Один на один с государственной ложью. Становление общественно-политических убеждений позднесоветских поколений в условиях государственной идеологии - страница 30

Шрифт
Интервал


Запомнилась смерть Сталина. Весь детский сад (в Молотове) был торжественно построен на втором этаже в актовом зале, где обычно ставили новогоднюю елку. Так началась траурная линейка. Смысл происходящего нам был все-таки непонятен. Мои детские мысли крутились о том, кто будет новым вождем. Я – парадокс – в детском саду знал в лицо и по фамилиям всю верхушку: Вячеслав Михайлович Молотов, Лаврентий Павлович Берия, Никита Сергеевич Хрущев… но мои симпатии явно склонялись в пользу Булганина. Мне так нравилась его аккуратная мягкая бородка. Пусть будет Николай Александрович Булганин, думал я, стоя в траурном ряду и пытаясь нахохлиться скорбью… Тут самый главный секрет этого дня: дело в том, что утром, когда мы пили чай, я заметил, что если мама в слезах, то отец ни капельки не огорчен. О, я хорошо знал его характер. Что ж, раз отец невозмутим, я тоже буду вести себя так же. Между тем, еще один парадокс, я втайне считал, что мой отец и Сталин похожи, и про себя этим фактом был приятно взволнован. Разумеется, между ними не было никакого сходства, привожу этот факт как пример тогдашней паранойи» (А. К. Интервью 6. Личный архив автора).

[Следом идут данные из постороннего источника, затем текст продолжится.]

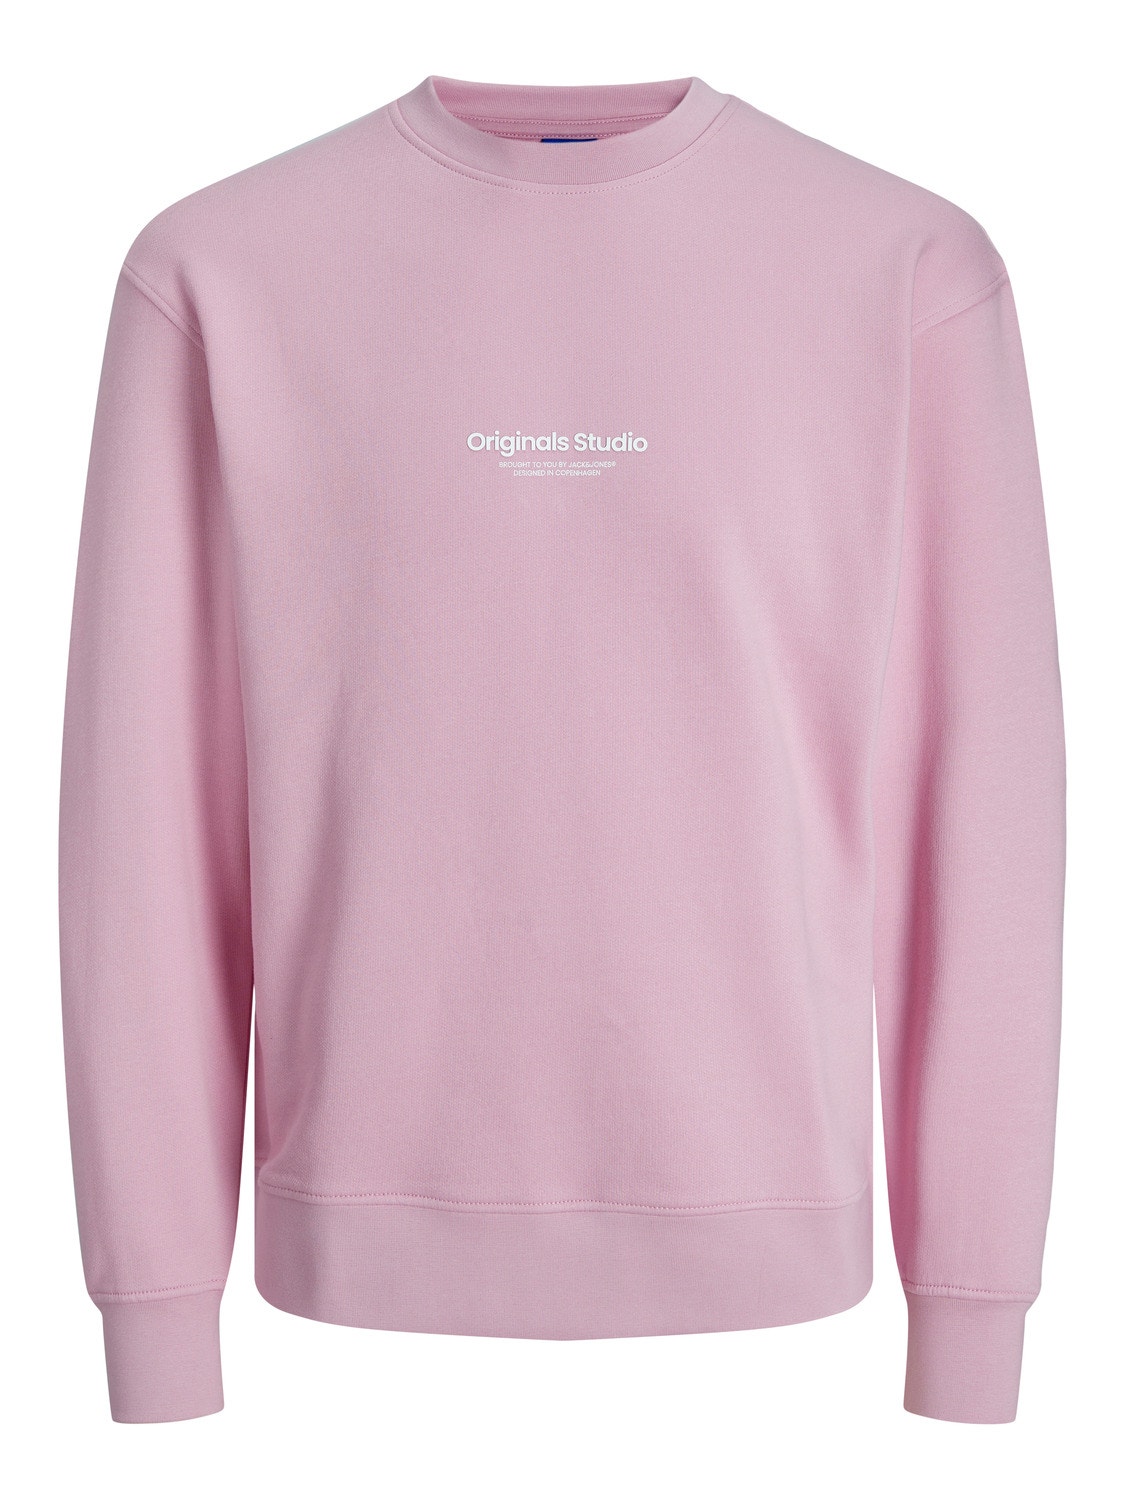 Jack & Jones Printed Crew neck Sweatshirt -Pink Nectar - 12241694

«Самые детские – назначение на ответственные посты: главного в октябрятской звездочке и председателя совета пионерской дружины» (Л. И. Интервью 7. Личный архив автора).

«5 марта 1953 года рыдаю, стоя в пижамке на постели под радиоприемником. Единственная в семье – родители утешали» (О. К. Интервью 8. Личный архив автора).

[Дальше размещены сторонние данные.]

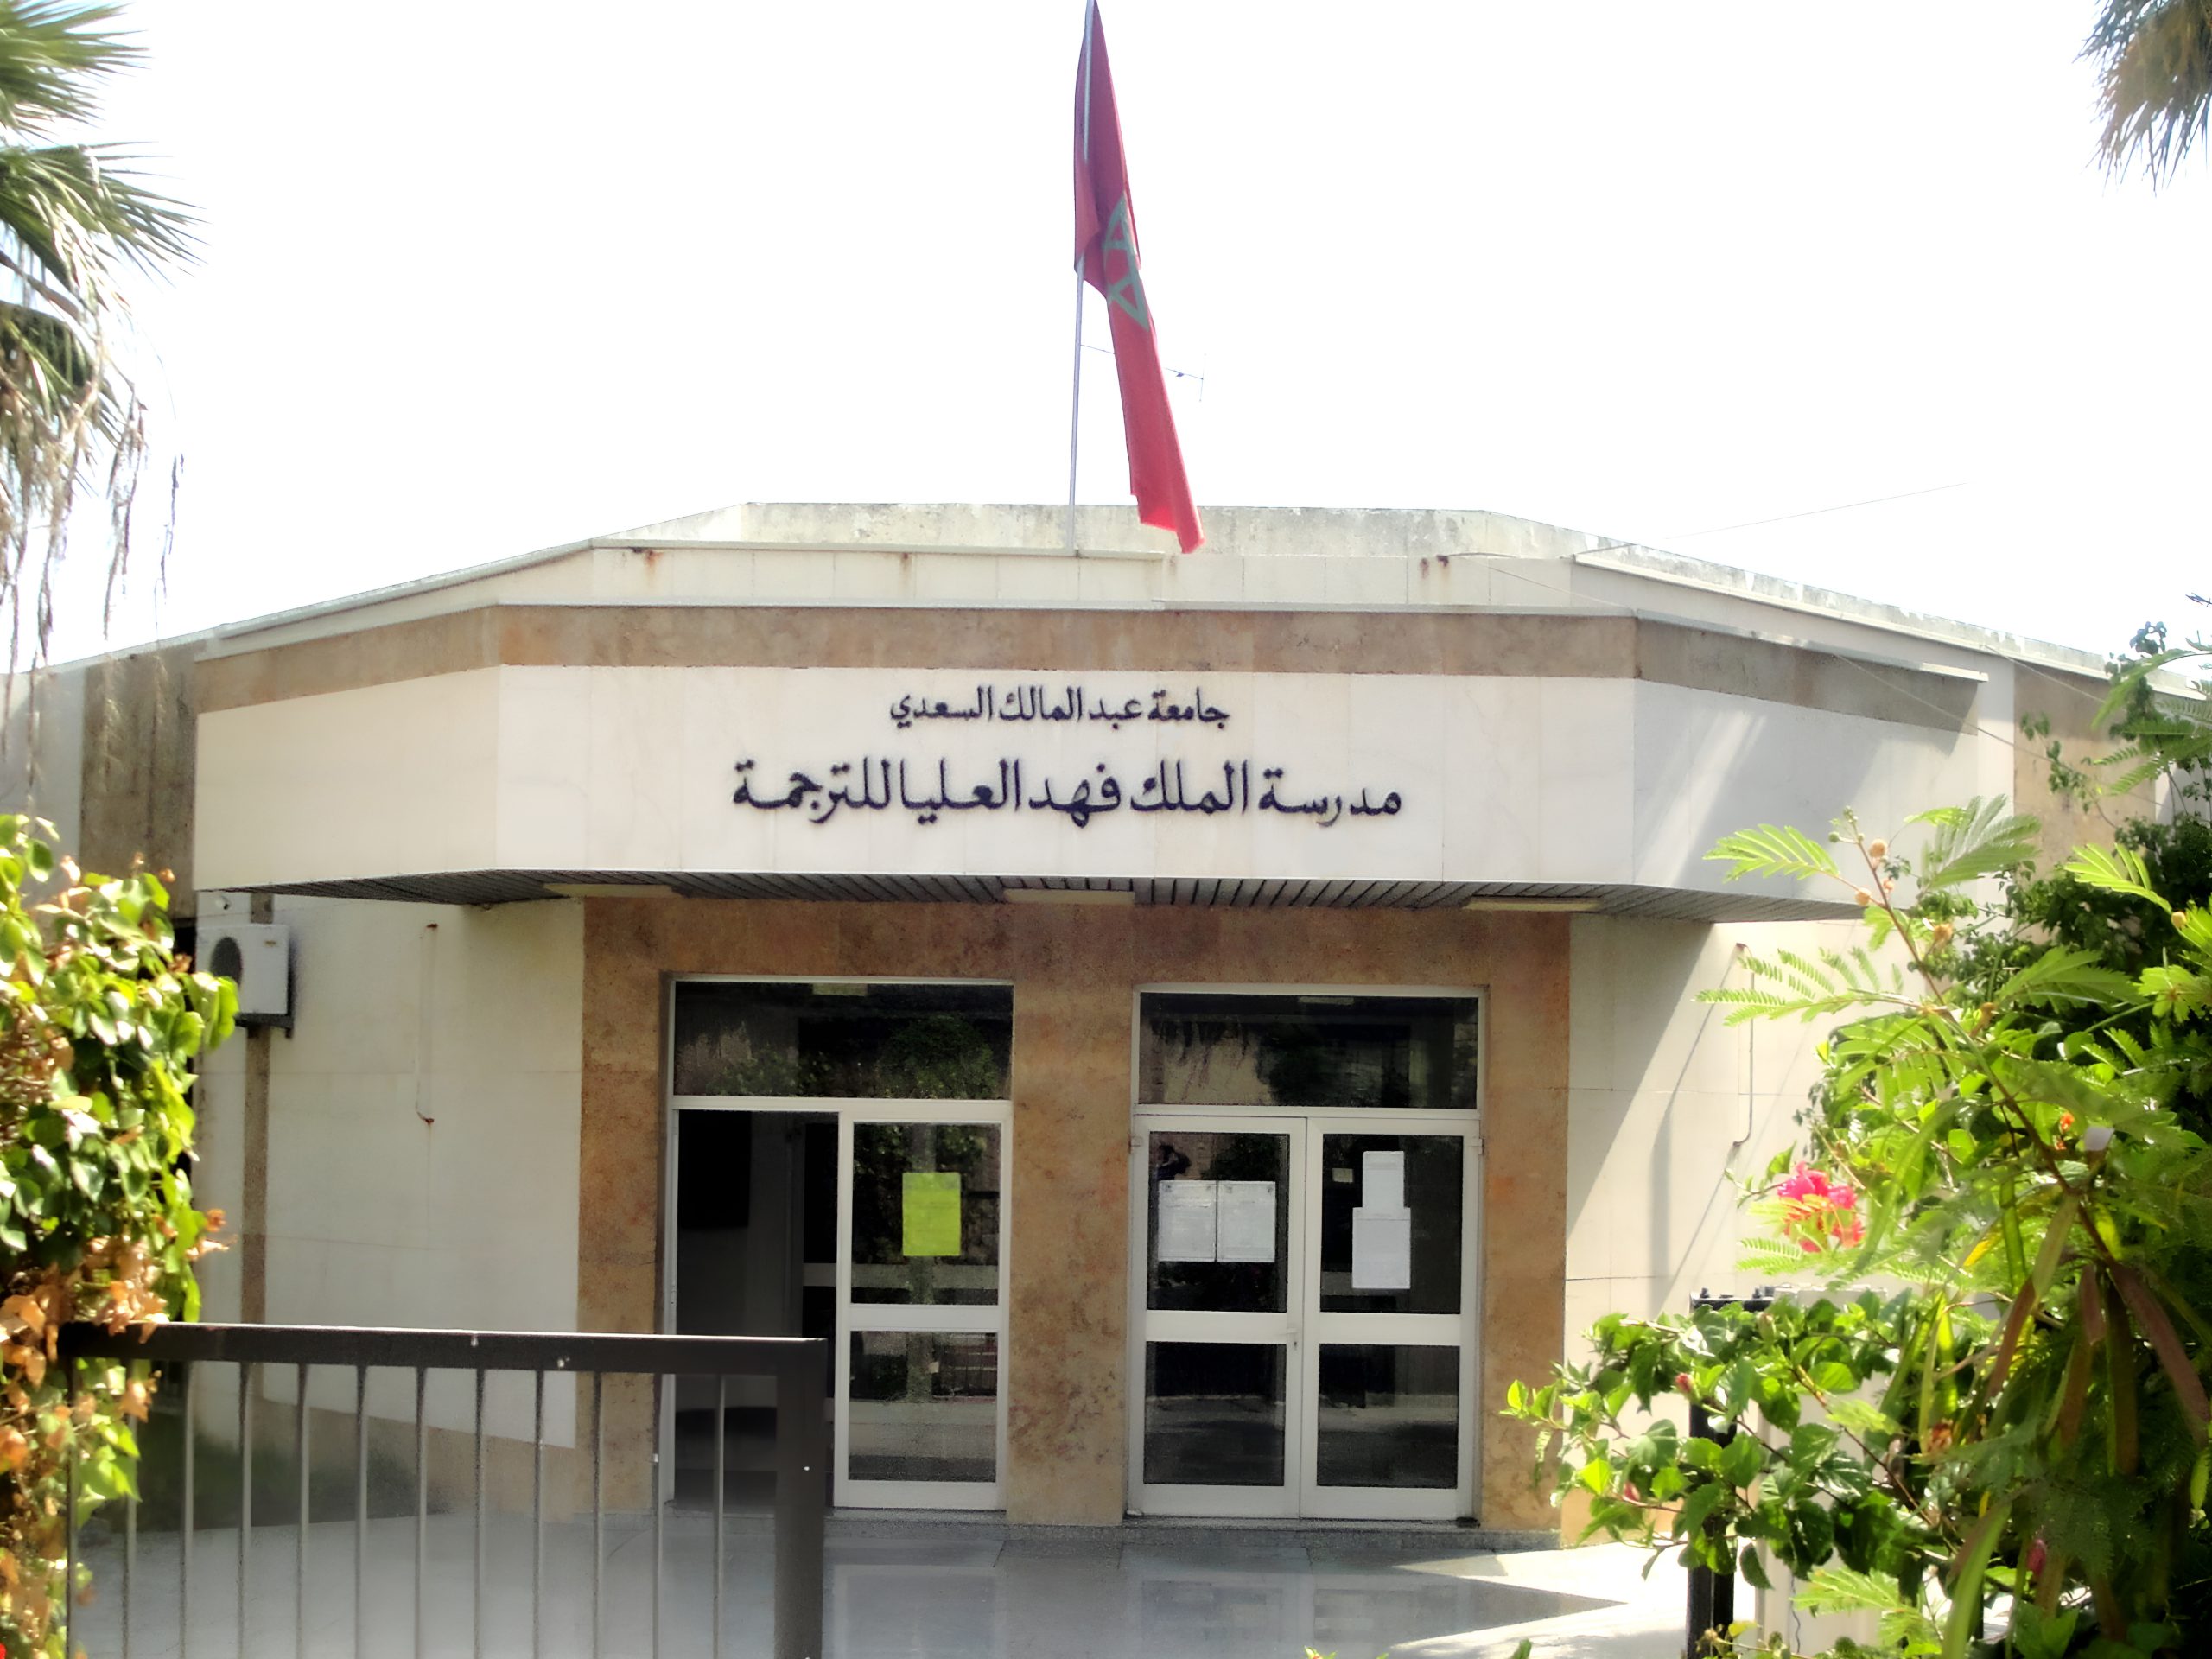 اتهامات بالغطرسة واستهداف الأساتذة تلاحق إدارة مدرسة الملك فهد للترجمة

«Чомбе. Плохой человек, Очень плохой. Я помню это слово с дошкольного возраста. Кажется, дело было в Конго, то ли Леопольдвиль, то ли Браззавиль. Да, я это помню еще с тех времен, когда один из этих „виллей“ не переименовался в Киншасу» (М. С. Интервью 9. Личный архив автора).

«Ранние впечатления – это 1968 год: ввод войск в Чехословакию. Мне было 5 лет. Помню, как отец и бабушкин муж (отчим отца) ругали Советский Союз. Но это совсем ранние, а вот уже такие политические события, как 24 съезд КПСС, высылка Солженицына впервые заставили меня думать о политике, и о том, кто я. 1971—1974 годы, мне 8—11 лет. Да, и еще хоккейные матчи СССР – НХЛ, когда папа и бабушка болели за канадцев» (Л. С. Интервью 10. Личный архив автора).

«Идеологическая сфера «толкнула» впервые когда нас принимали в октябрята, я думаю. У нас учительница младших классов была старушка, мы были ее последним классом. Сталинистка, разумеется, советская до мозга костей, долго нас идеологически готовила стать помощниками Ленина и тому подобное. Я мало что тогда прочувствовала, но образ Ольги Терентьевны намертво связался с первым образом осознанно советского. Помню как вспышку самосознания свою недоверчивую реакцию на ее рассказ – по-моему, по поводу Ваньки Жукова, что до революции детей не называли Петя или Ваня, а только так: Петька, Ванька… Меня бабка с первого этажа нашего подъезда называла «Анькя», и мне было совершенно ясно, что революция тут ни при чем.